The fascination with statistics, and their impact on athletes' salaries, is nothing new. Remember the old baseball trading cards with a player's year-by-year stats and a little anecdote on the back? In those days, that was about the only way to study a player's performance. The obsession about numbers is even greater in the instant-information age.
Nobody could carry, throw or catch the football in Sunday's AFC championship game without having CBS flash his in-game stats right after the play. And if not for the Jazz's installing an elaborate scoreboard/advertising wall this season, continually updating every Jazz player's points, rebounds and assists, Kirilenko would not have known how close he was to the triple-double in the win over Toronto. At least, I hope not.
The Delta Center scoreboard has always tracked point totals for every player on the floor.
But fans demand more and more information now - and they want it before the final box score is tallied.
"It's the age of accountability," said Rich Gordin, a Utah State University sports sociologist. "The American people hold athletes accountable for their performances. So they're constantly looking at their statistics."
Occasionally, those numbers are cause for celebration, not just comparison or criticism. Jazz fans were thrilled by Kirilenko's production and they even cheered Cleveland's LeBron James when he delivered 51 points against the home team Saturday - although that was before the Lakers' Kobe Bryant easily topped him with 81 points Sunday against Toronto.
The University of Utah's Keith Henschen, who teaches similar classes as Gordin, marvels at fans' "crazy" addiction to statistics. Yet in his work as a performance psychologist with clients including the Jazz, Henschen endorses athletes' paying at least some attention to their numbers, because everybody else does.
"Those are the rules" of society, he said. "They should be a little bit concerned about stats."
Certainly, there's danger in focusing on individual numbers in a team game. James and Bryant were probably justified in taking all of those shots, because their teams needed most of their points. It's also difficult to criticize Kirilenko for seeking to fill out his stat line with assists.

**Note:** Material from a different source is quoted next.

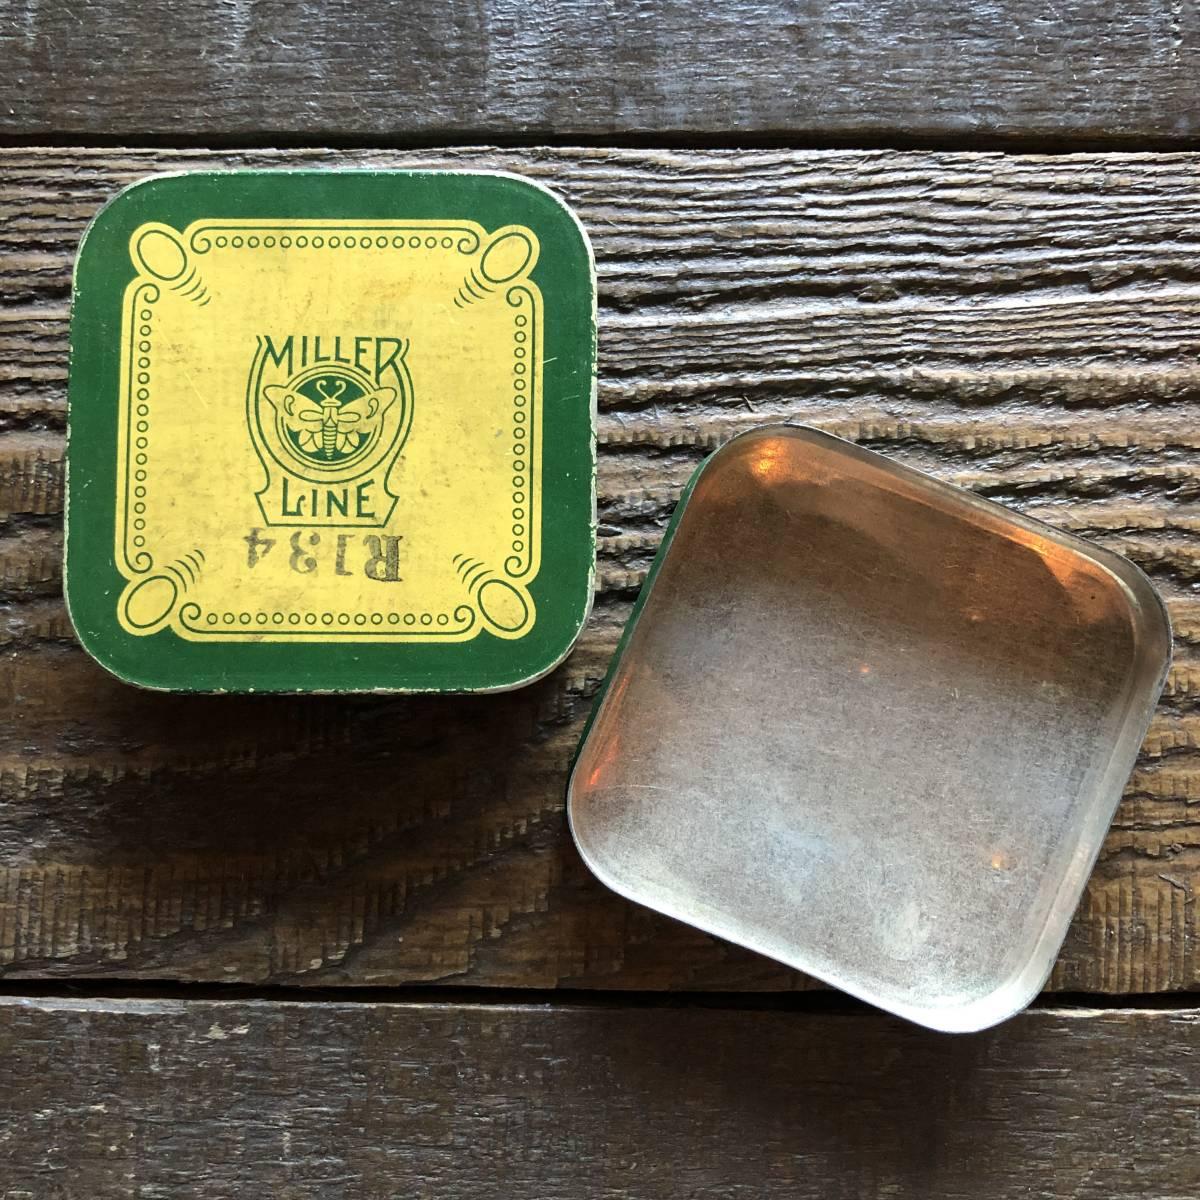 即決 ~1950s MADE IN USA タイプライターリボン ヴィンテージ缶 ケース / 小物入れ パーツ ツール アクセサリー アンティーク シャビー_画像4

Yet even an assist, supposedly the most unselfish of all statistics in sports, can have its selfish side. I doubt John Stockton made any of those 15,000-plus passes leading to a teammate's basket while thinking, "I just need one more assist."
If the game was still in question and Kirilenko was consciously trying to pass instead of score, he could have cost the Jazz a victory. And if he's too eager to record blocks or steals in his quest for a "5x5," it could affect the team's defensive approach.
Henschen is willing to give Kirilenko a pass on focusing on the triple-double for two reasons: It was the first one of his career and, well, he's Andrei.
"If Andrei had a different personality, I'd worry about it," he said. "It's something he wanted to do once in his career. He may get other triple-doubles, but there's nothing like the first one.
"If he starts thinking about that all the time," Henschen added, "then we've got a problem, because this is a team game."
It's true. Even in a "stats country," winning or losing still counts.